La tournée de l'ADMD à Tarbes : informer sur la nouvelle loi sur l'aide à mourir et encourager les directives anticipées

La tournée de l’ADMD à Tarbes : information sur la nouvelle loi sur l’aide à mourir

La tournée estivale de l’Association pour le droit à mourir dans la dignité (ADMD) a fait étape à Tarbes le 30 juillet. Les bénévoles ont tenu un stand d’information pour échanger avec le public sur les questions liées à la fin de vie et pour présenter les nouvelles dispositions de la loi sur l’aide à mourir, adoptée le 15 juillet.

Cette loi, encadrée, concerne les majeurs atteints de maladies incurables. Selon Anne Raynaud, responsable du mouvement des jeunes de l’ADMD, l’objectif de cette tournée, organisée chaque été depuis onze ans, est de répondre aux interrogations du public et de lutter contre les idées reçues. Elle a souligné l’importance de rédiger des directives anticipées, qui garantissent que la volonté des patients sera respectée en cas d’incapacité à s’exprimer.

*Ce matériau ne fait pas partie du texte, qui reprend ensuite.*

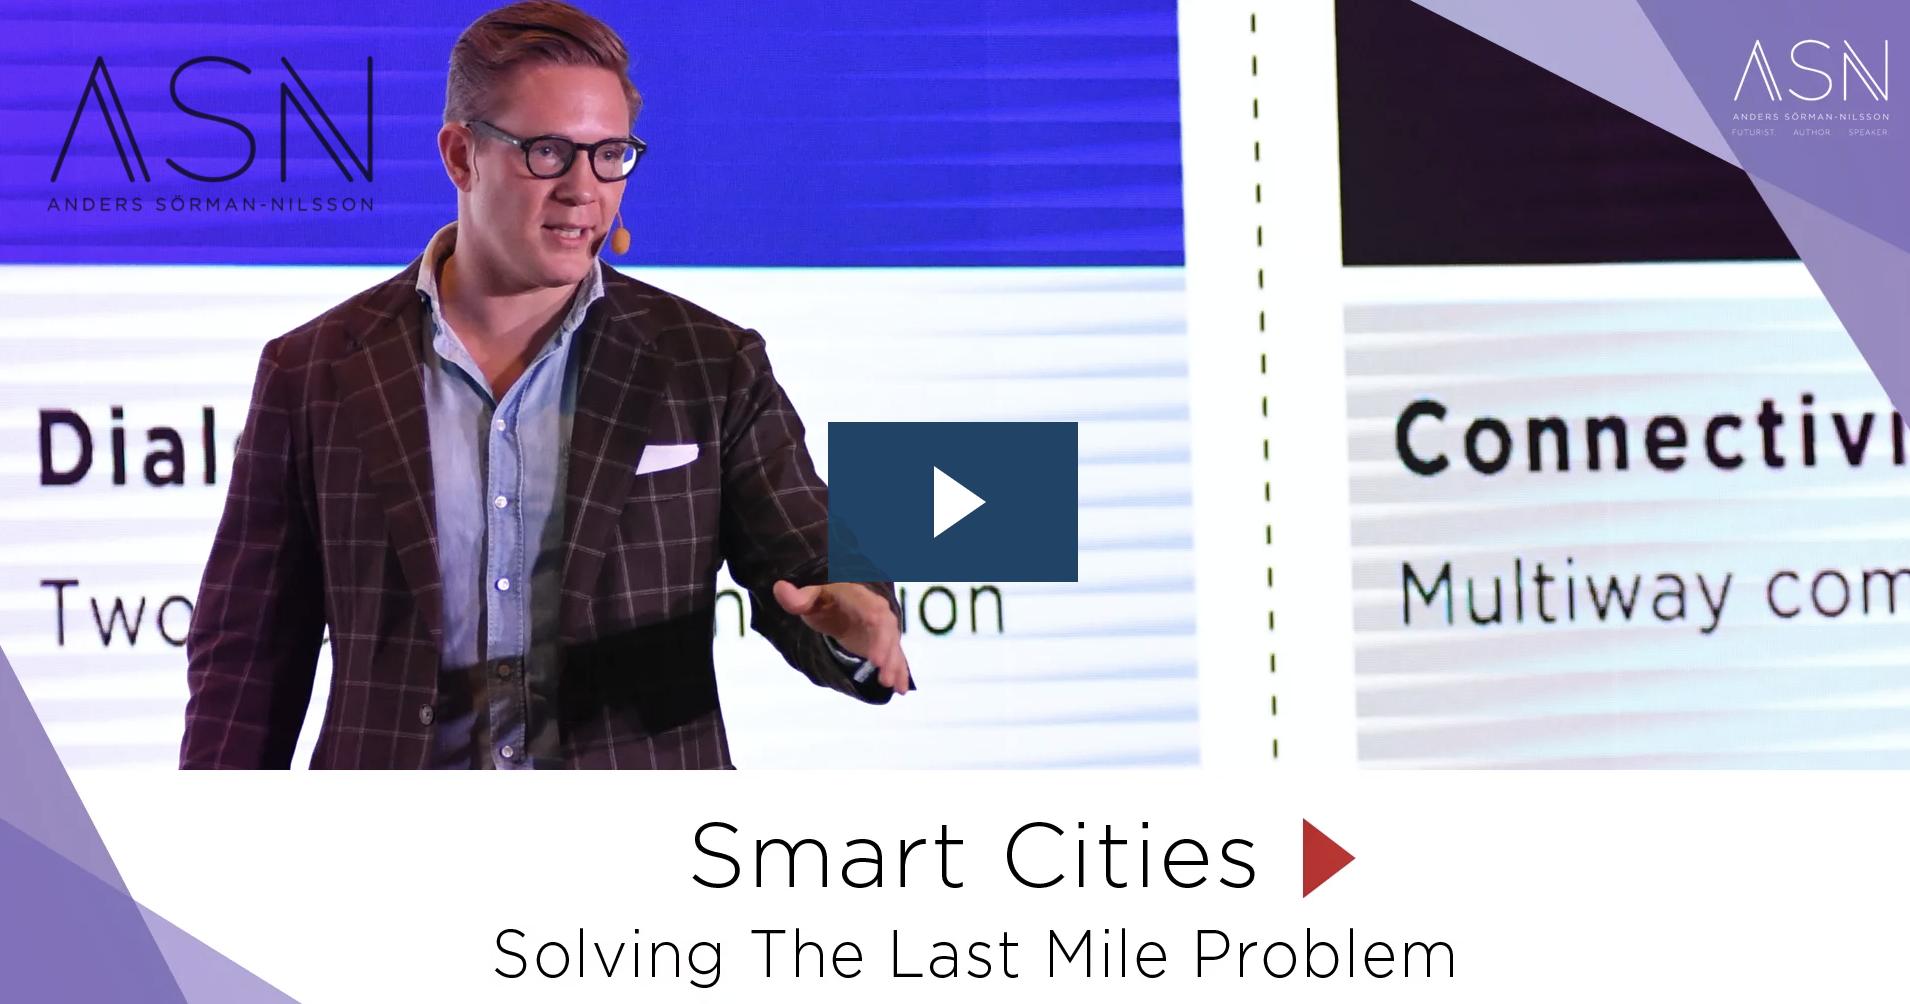 Smart Cities Futurist Anders Sorman-Nilsson
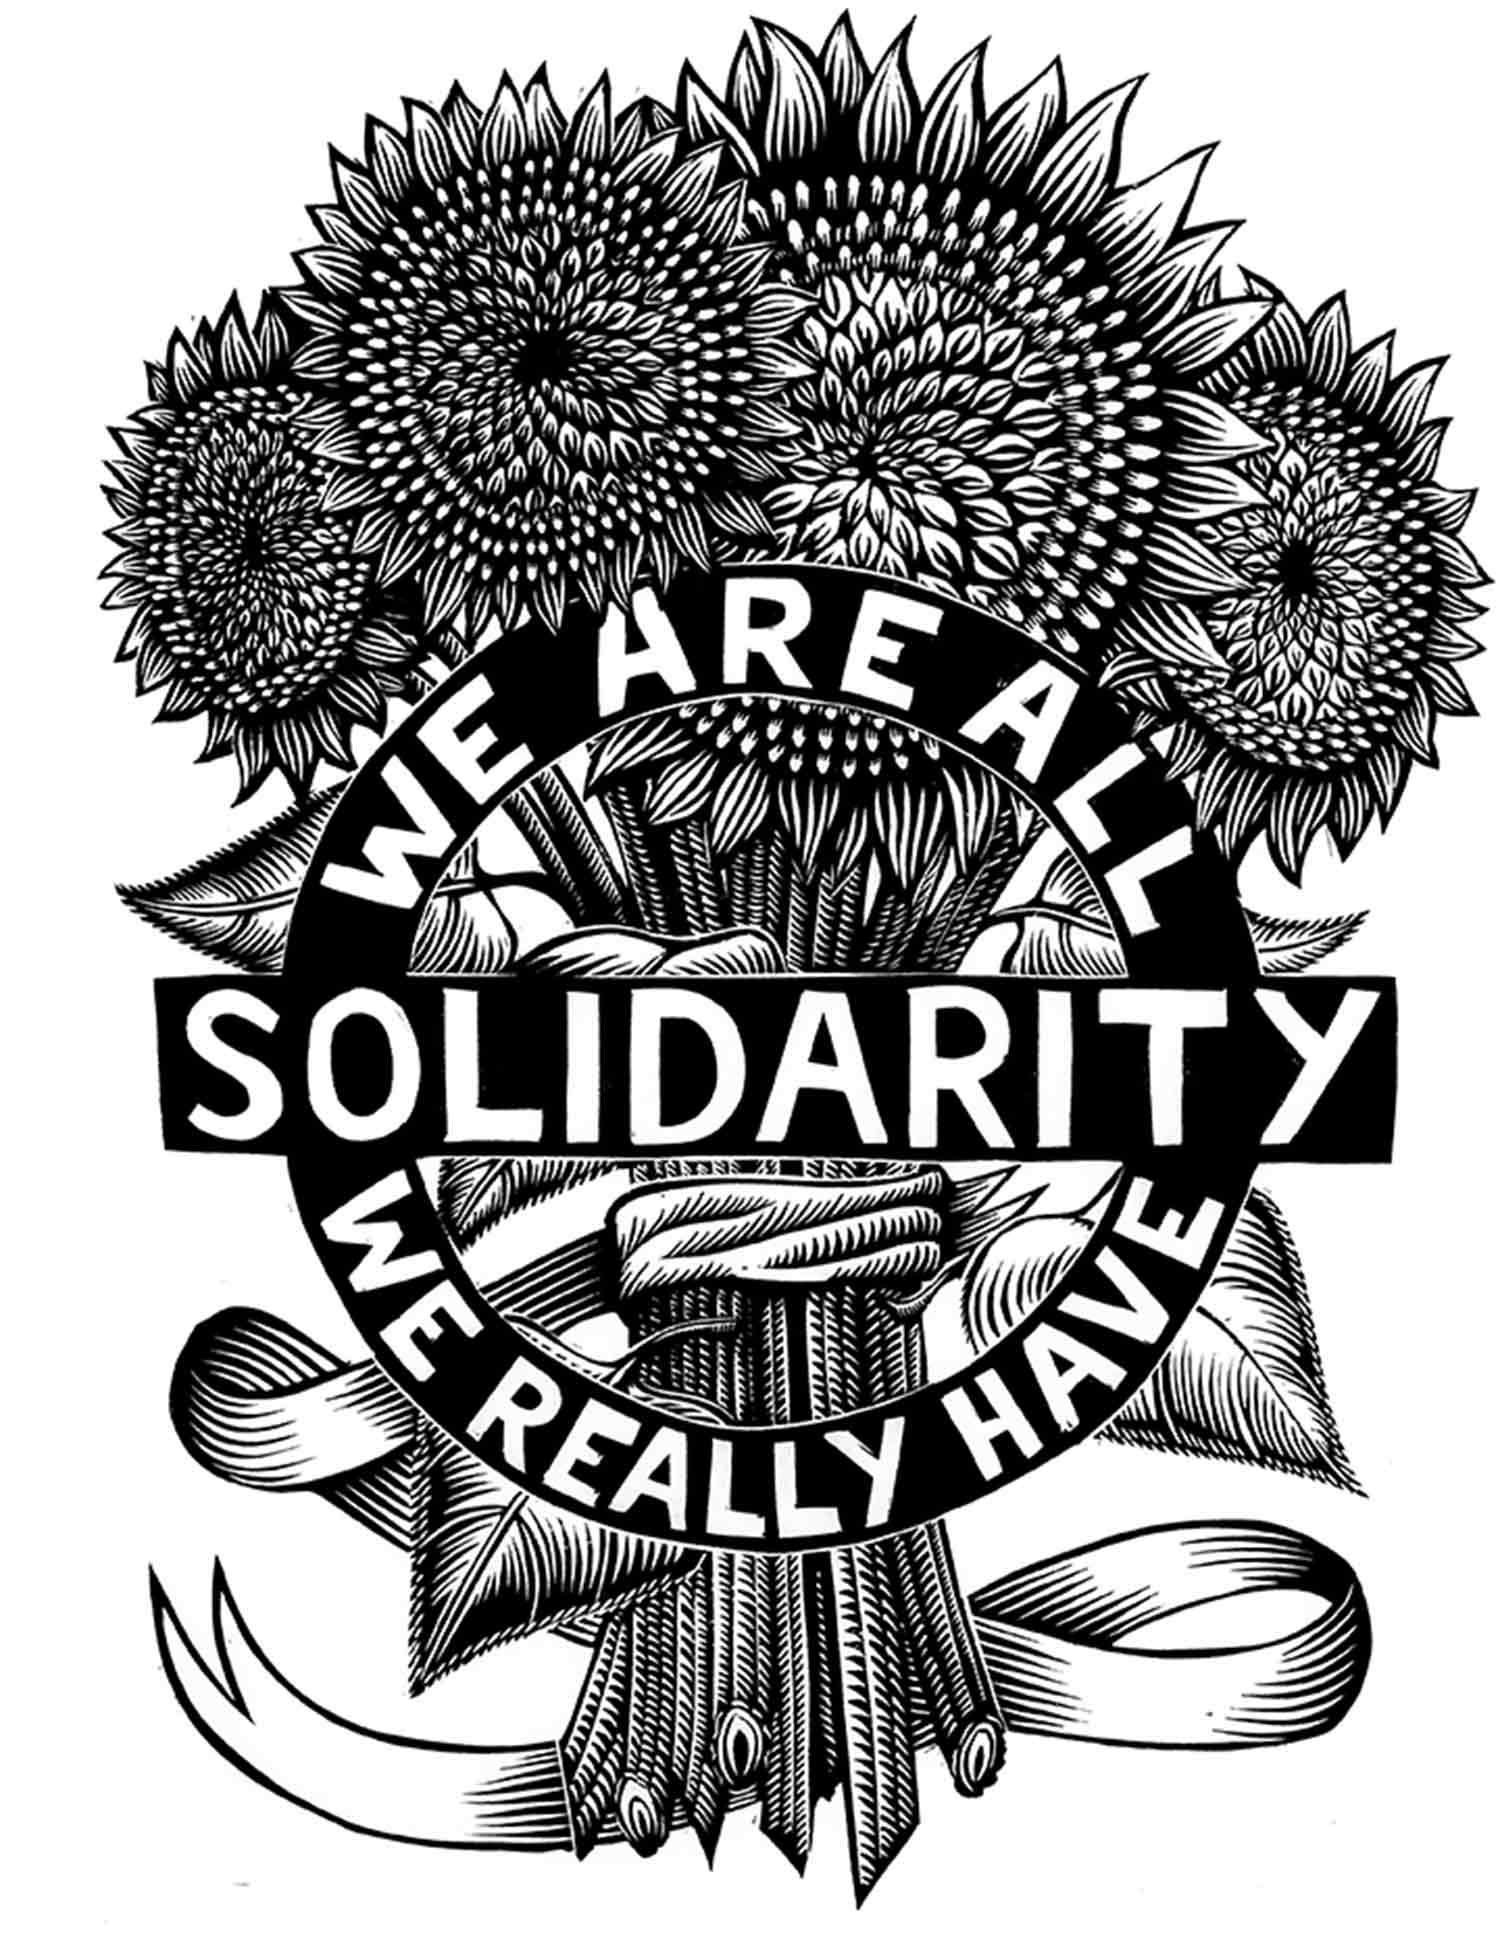 Justseeds Solidarity Sunflowers

L’adoption de la nouvelle loi suscite un fort intérêt, mais également de nombreuses interrogations. L’aide à mourir est réservée aux personnes majeures, résidant en France, atteintes d’une maladie grave et incurable, dont le pronostic vital est engagé, souffrant de douleurs réfractaires et capables d’exprimer leur volonté jusqu’au dernier instant. Cette réforme marque une évolution significative par rapport à la loi Claeys-Leonetti, qui limitait les possibilités à la sédation profonde et continue dans des situations très précises de fin de vie.

Les bénévoles ont également évoqué les prochaines étapes avant l’entrée en vigueur du dispositif, avec l’examen du texte par le Conseil constitutionnel, prévu à la mi-août, suivi de la publication des décrets d’application.

Lors de cette journée, le stand a été visité par Pascal Claverie, maire de Tarbes, et Richard Cassou, adjoint à la Santé, qui ont échangé sur les enjeux de la réforme. Richard Cassou a exprimé son soutien à la loi, soulignant qu’elle apporte un cadre légal à des pratiques déjà existantes, mais illégales. Il a également mentionné que la majorité des Français sont favorables à des directives anticipées, surtout ceux qui ont été confrontés à des situations de fin de vie.